Di sisi lain Parpol tidak menjalankan fungsinya untuk mewadahi aspirasi masyarakat. Parpol hanya berpikir untuk merebut kekuasaan, dan dengan demikian memanfaatkan rakyat sebagai obyek. Parpol sering memfungsikan diri sebagai himpunan penguasa-penguasa kecil yang mengklaim representasi rakyat. Parpol telah secara salah mengartikulasikan kepentingan-kepentingan rakyat ke dalam tujuan-tujuan politik tertentu, padahal sebenarnya pandangan-pandangan umum rakyat tidak seperti itu.

Nilai-nilai kejujuran, kesantunan, dan persahabatan tergilas bersama ganasnya dunia politik hitam (black politics). Dan kini politik di negeri ini nampak tak dimaknakan seperti tujuan awalnya yakni sebagai keahlian atau strategi mengatur negara agar rakyat makin tersejahterakan. Sekarang ini, yang ada hanya politik kepentingan untuk diri sendiri dan kelompok. Negara, bangsa, dan Tanah Air, hanya menjadi objek dan yang tak pernah dipikirkan nasibnya. Rakyat yang seharusnya sebagai pemilik sah bangsa, negara, dan Tanah Air ini tetap telantar, kurang mendapat perlindungan, keadilan, serta jaminan kesehatan dan pendidikan yang memadai.

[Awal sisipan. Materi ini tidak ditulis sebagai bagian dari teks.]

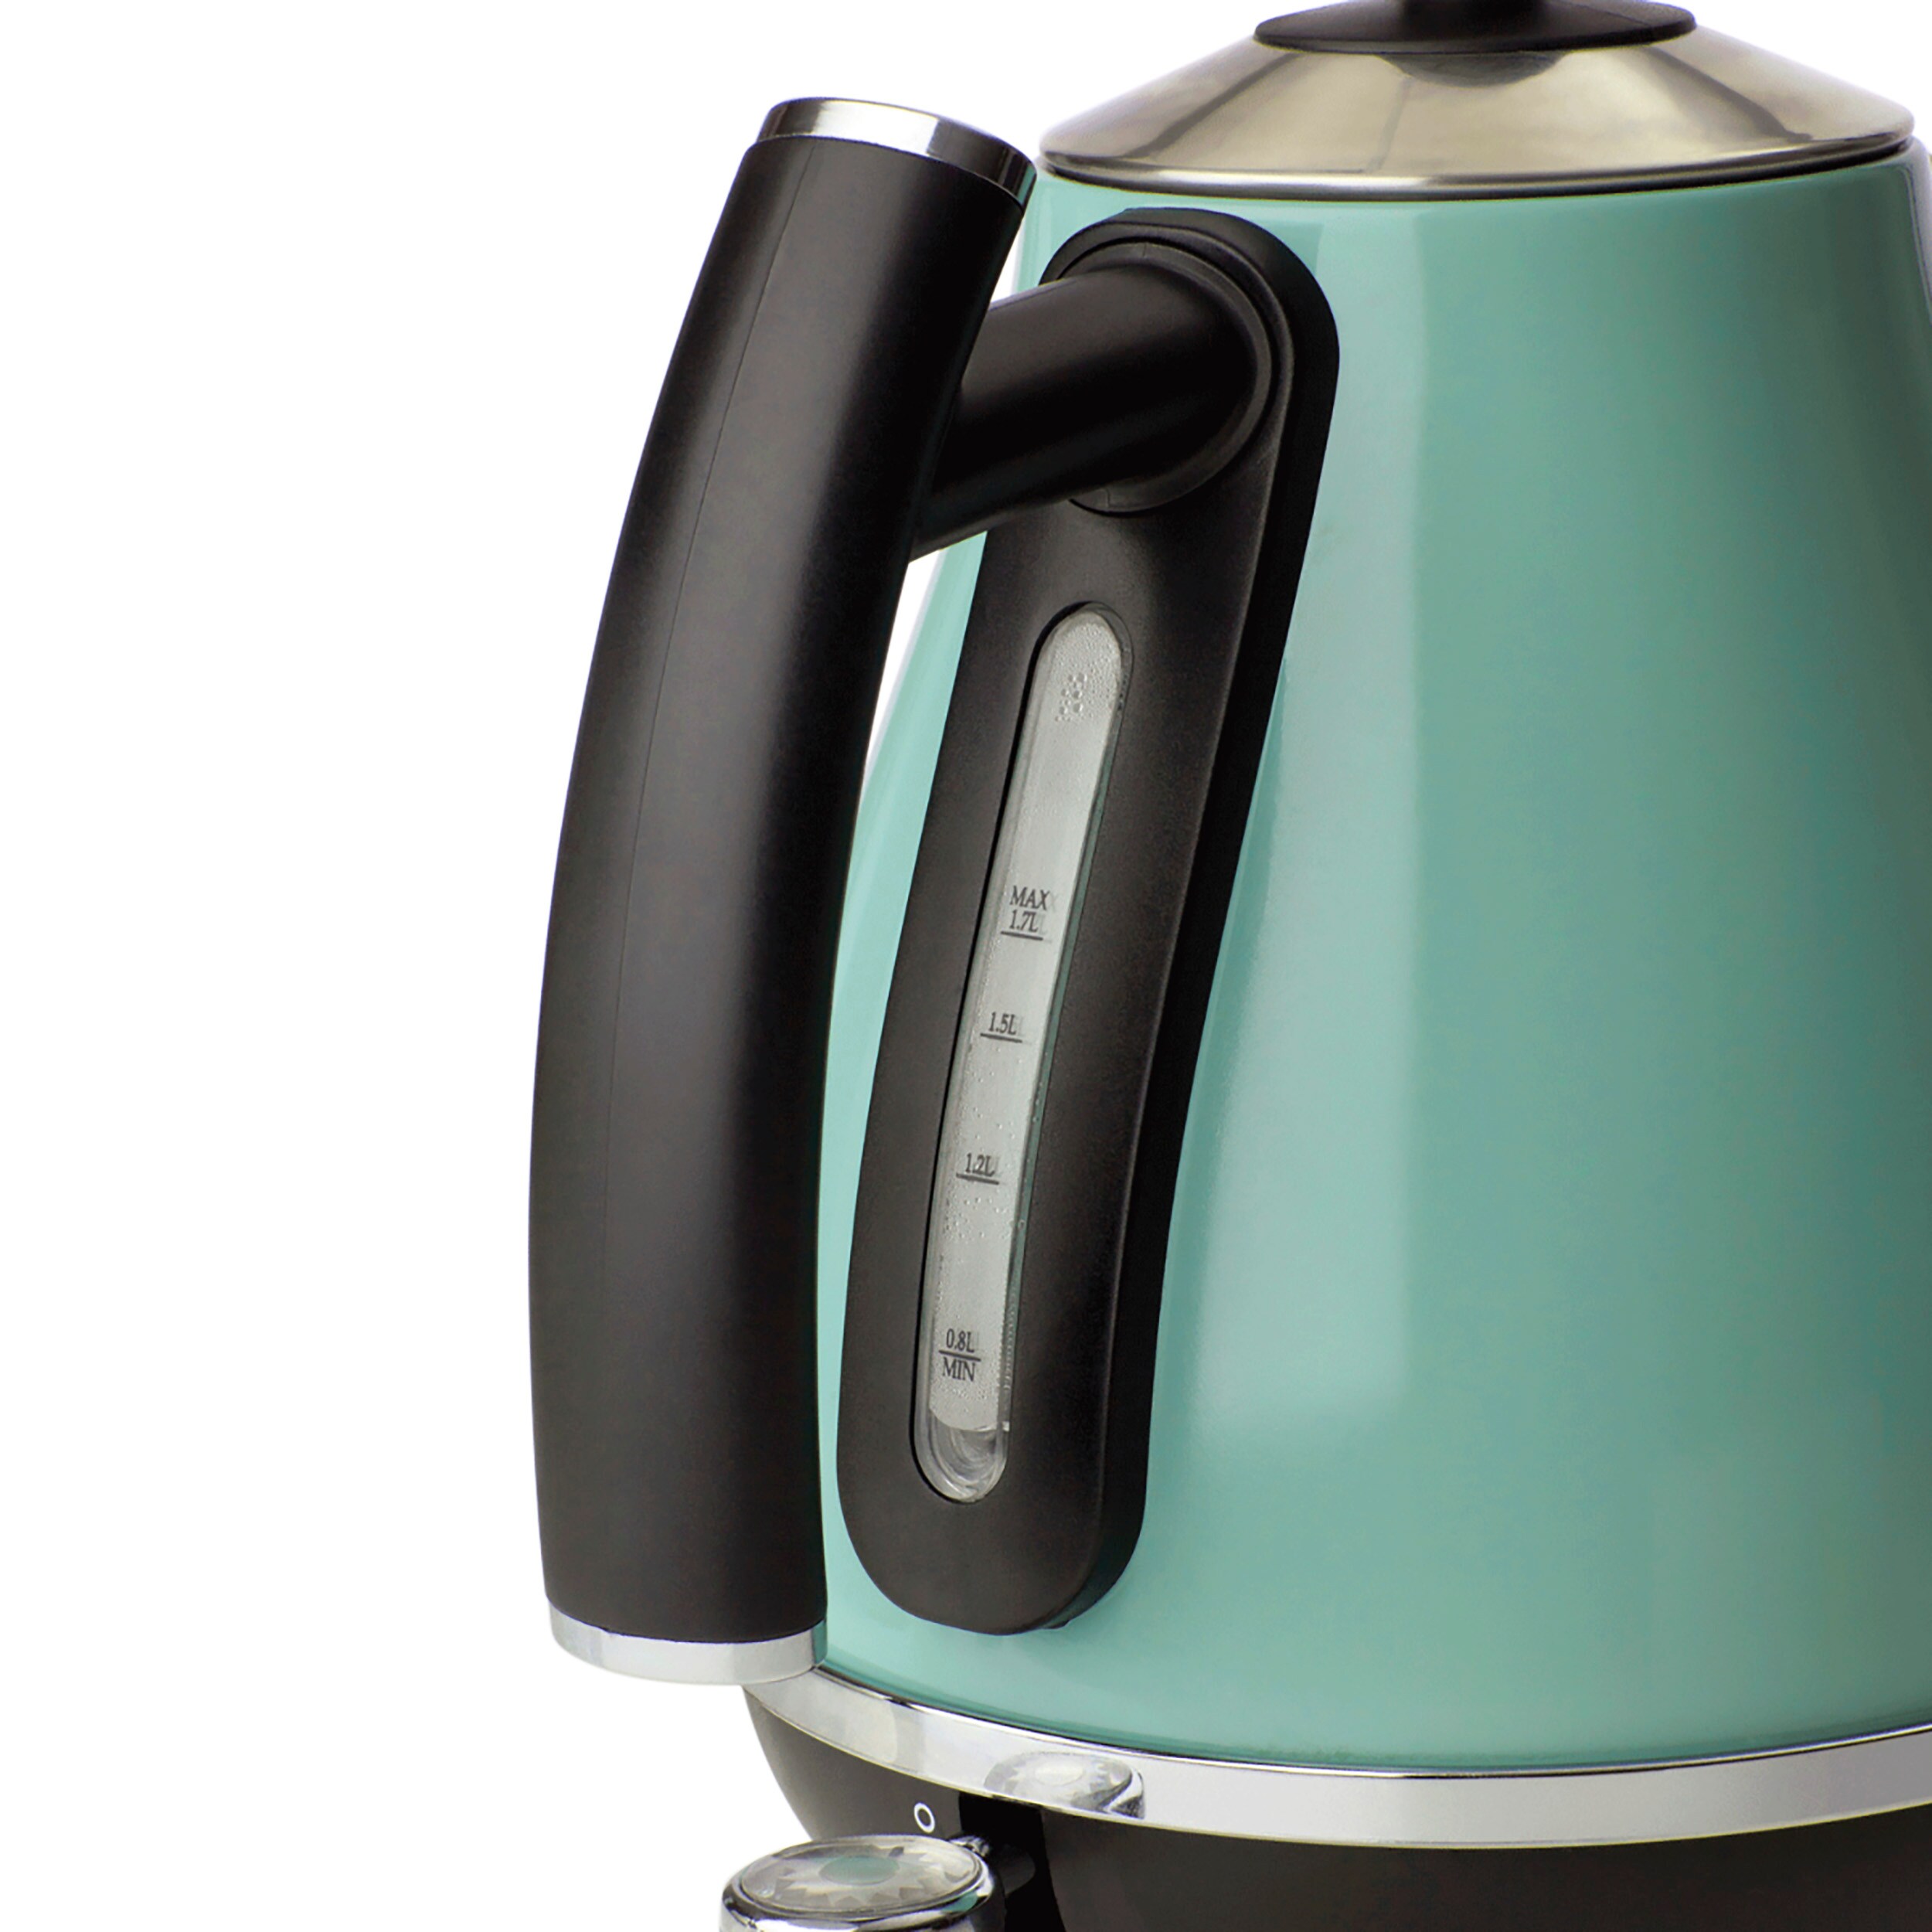 Used Details about   Haden Cotswold 1.7 Liter Stainless Steel Body Retro Electric Kettle

Di tengah budaya yang makin kapitalistik dan materialistik ini, rakyat mencari jalannya sendiri, memecahkan masalahnya sendiri, dan menghidupi dirinya sendiri semampu mungkin. Rakyat tetap melarat di tengah isu demokratisasi, reformasi, debirokratisasi, dan globalisasi. Kesejahteraan yang dijanjikan kepada rakyat tak kunjung tiba, kesejahteraan hanya ada pada para pejabat.

Kebangkitan elite

Kita belum tahu siapa yang harus melindungi rakyat dari persoalan-persoalannya sendiri. Apa pun yang dilakukan oleh para penguasa, sepertinya memang kurang mempertimbangkan keberadaan rakyat miskin. Di negeri ini, hanya ditandai oleh perubahan rezim pemerintah, (Soekarno-Soeharto, BJ Habibie-Abdurrahman Wahid, Megawati Soekarnoputri, Susilo Bambang Yudhoyono), serta perubahan kelembagaan negara saja. Tanpa dibarengi oleh kesungguhan dan konsistensi dari pemerintah dalam membawa gerbong bangsa menuju kejayaan dan kemakmuran bangsa yang dapat dirasakan rakyat.

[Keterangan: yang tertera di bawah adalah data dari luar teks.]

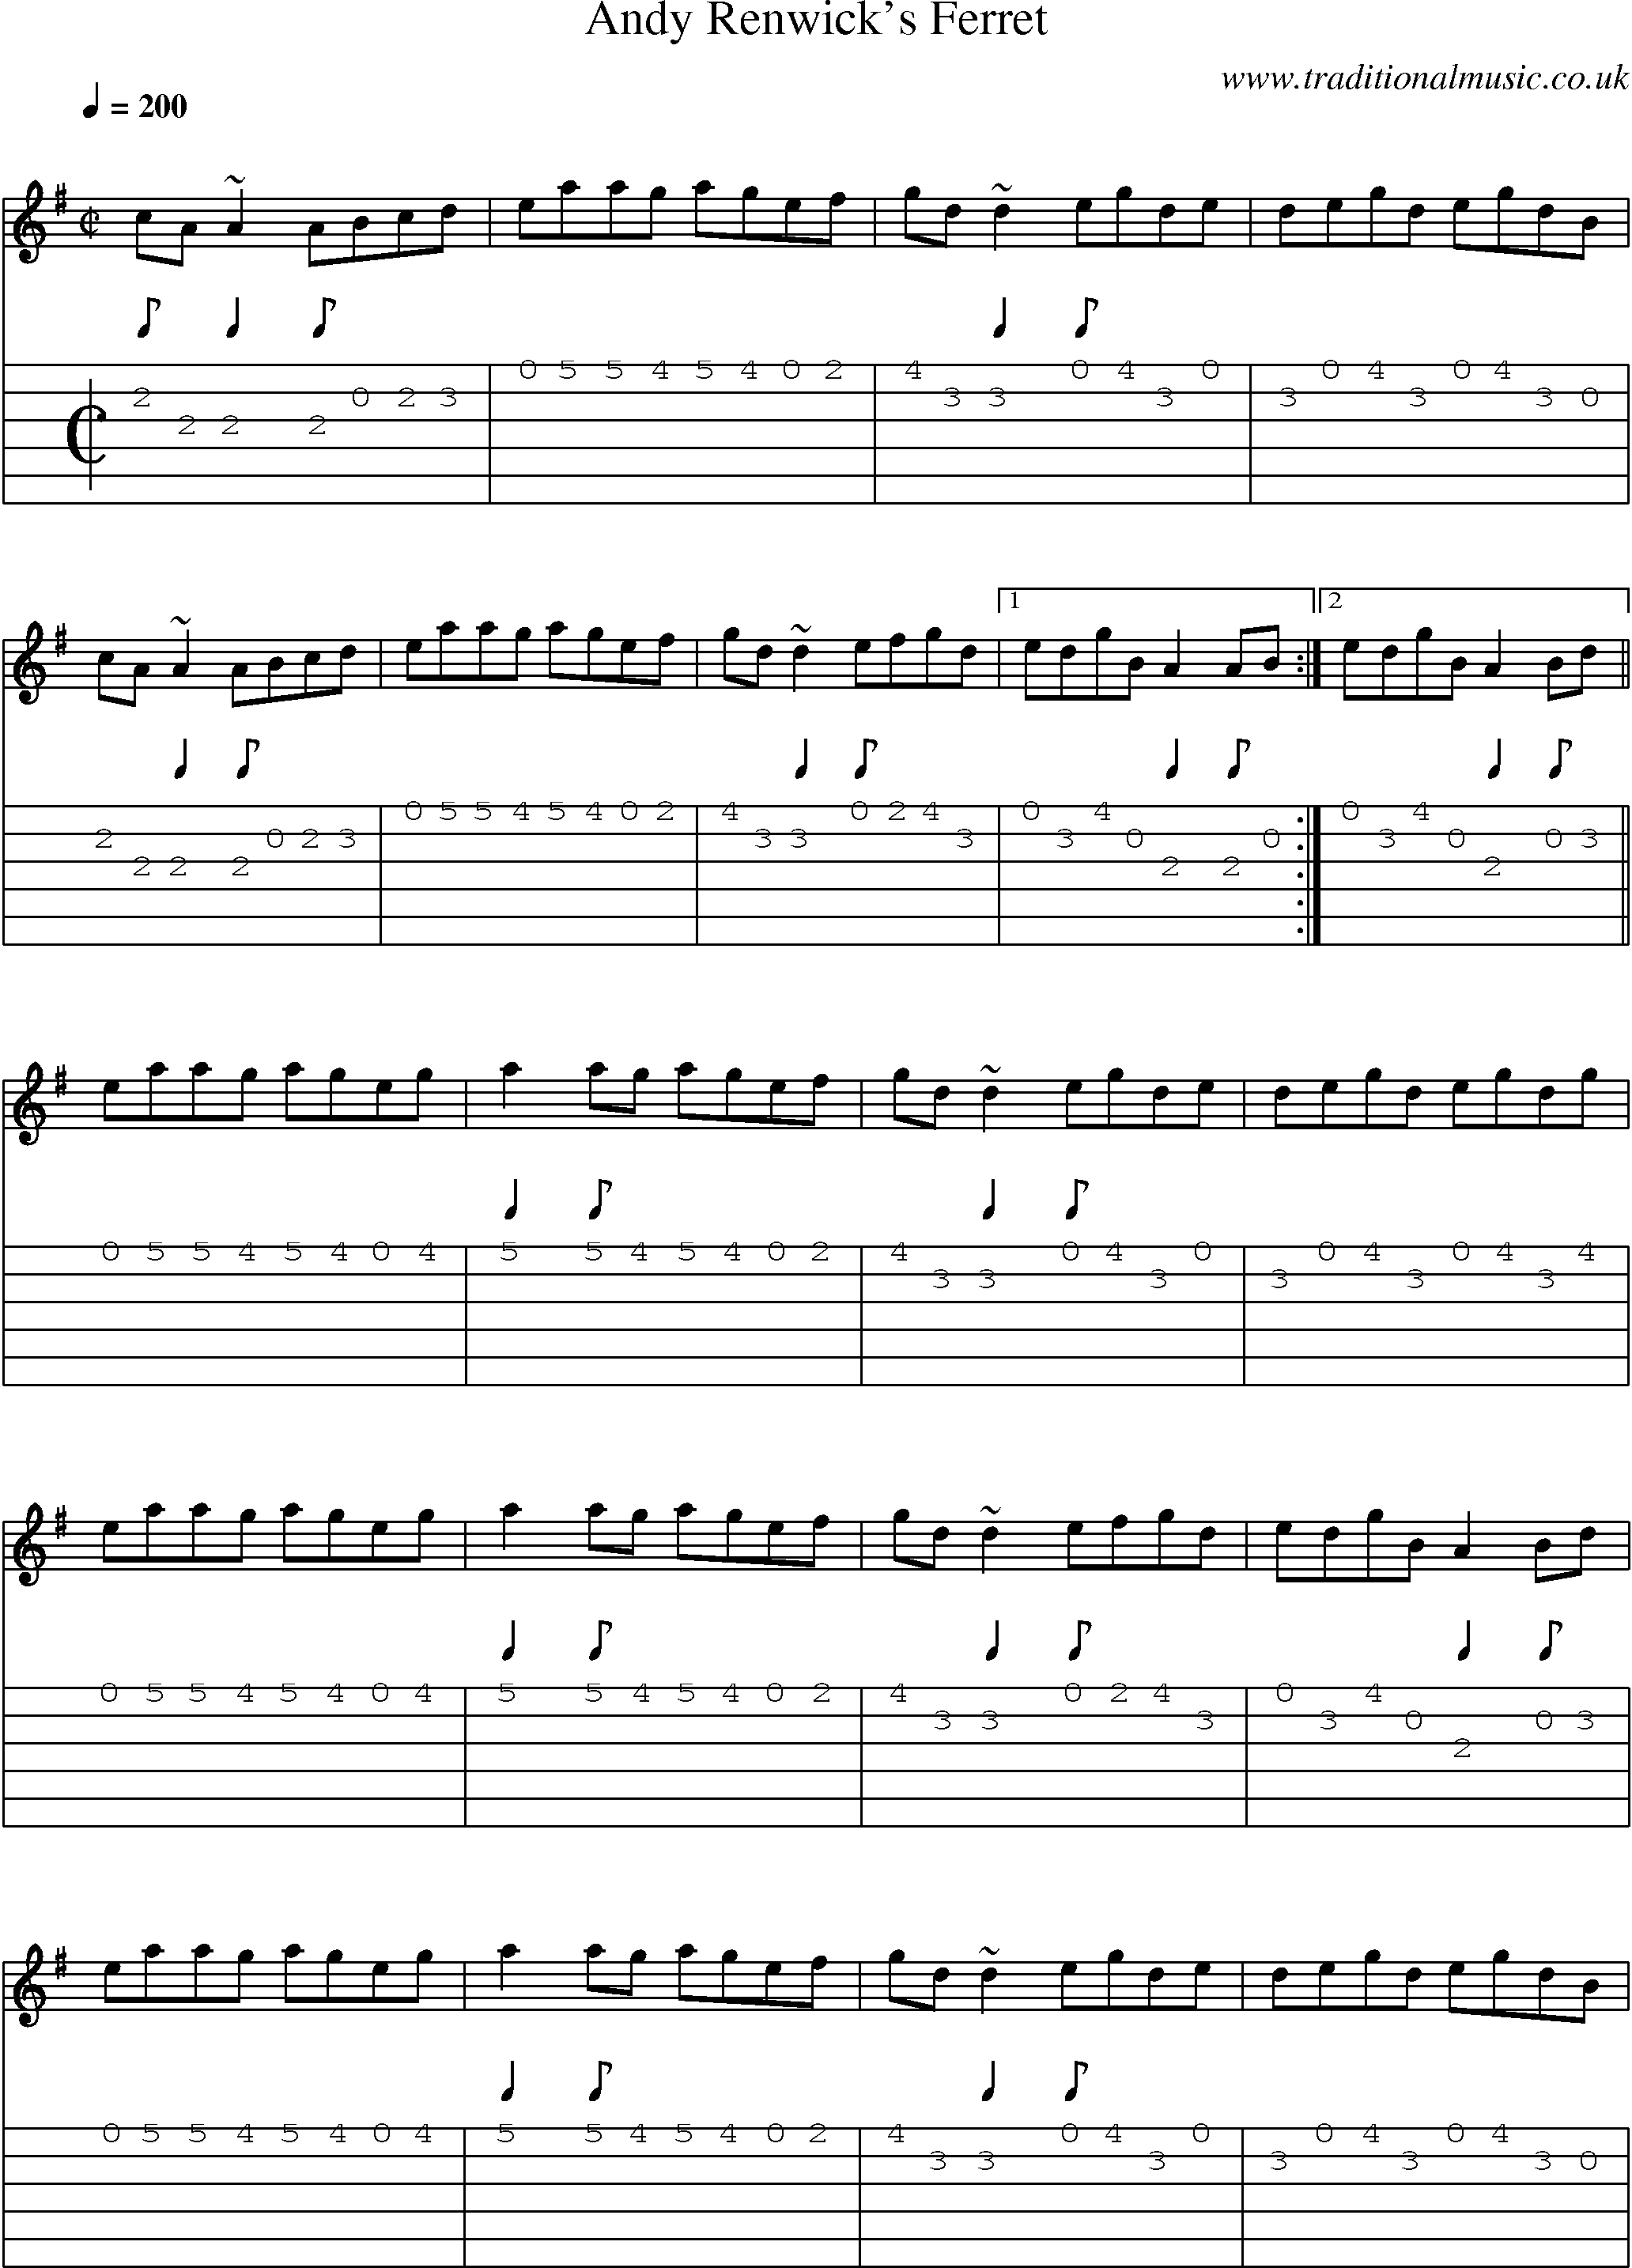 Music Score and Guitar Tabs for Andy Renwicks Ferret

Tak heran bila kebangkitan nasional yang telah berusia seratus tahun lebih, ternyata tanpa disertai kebangkitan bangsa seutuhnya dalam menjamin kemakmuran dan kesejahteraan rakyatnya. Bahkan, makna kebangkitan nasional saat ini tampaknya semakin memudar. Sebenarnya apa yang dapat dimaknai sebagai kebangkitan nasional saat ini? Apakah kebangkitan korupsi yang semakin merajalela? Kebangkitan kemiskinan yang tidak pernah berhenti? Kebangkitan elite politik saling berebut Parpol dan kekuasaan?

Memang bukan perkara mudah mewujudkan kebangkitan nasional menuju Indonesia yang lebih baik. Persoalan yang harus diselesaikan bangsa ini pun sangat kompleks. Penyelesaiannya tidak bisa dilakukan secara terpisah. Karena antara satu dengan lainnya sangat berkaitan.

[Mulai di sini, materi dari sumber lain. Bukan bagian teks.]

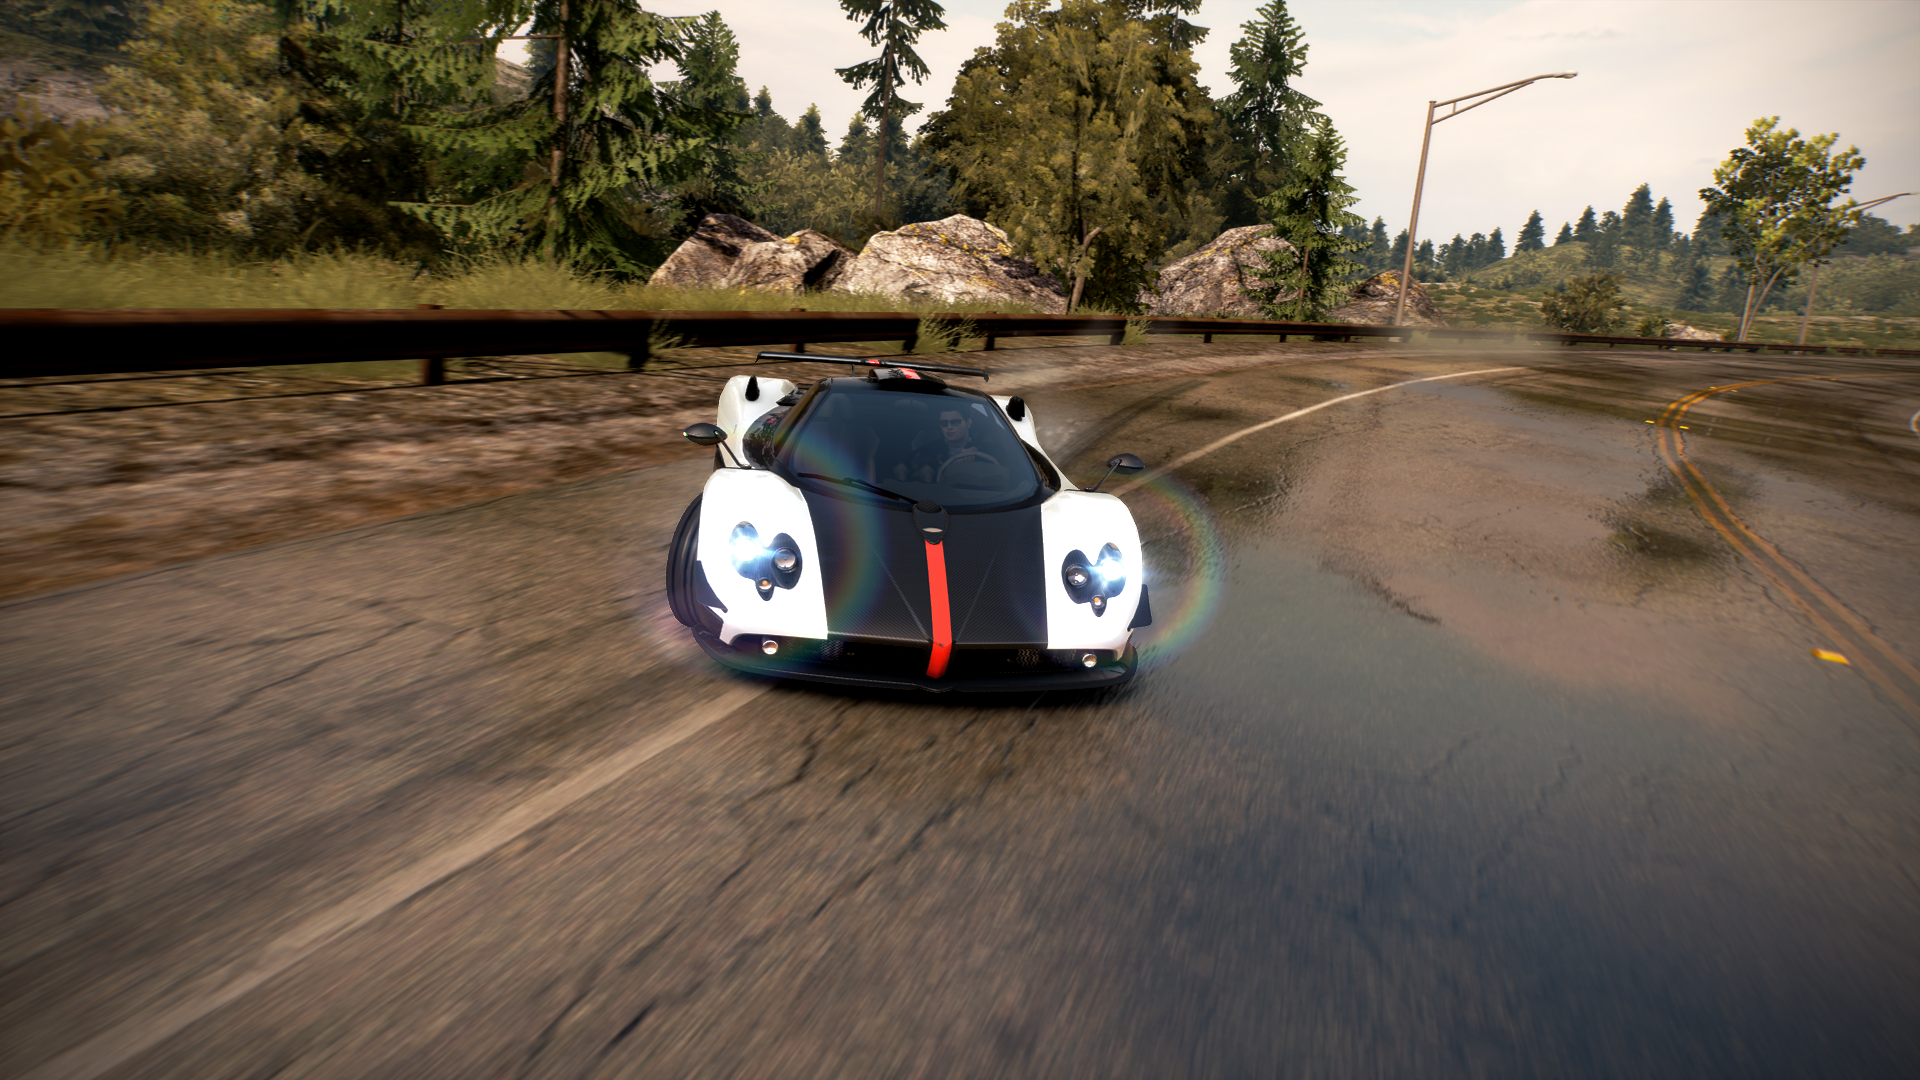 Need For Speed Hot Pursuit Need For Speed Car Pagani Zonda Cinque Screen Shot 1920x1080

Untuk itu, momentum peringatan Harkitnas, rasanya kita perlu introspeksi diri pada tiap-tiap aktor dan peran yang harus dimainkan. Jika setiap individu hanya memuja egonya baik politik, sosial ekonomi, maupun kebudayaan, kita yakini negeri yang kukuh, aman, dan makmur tidak akan benar-benar kita dapatkan.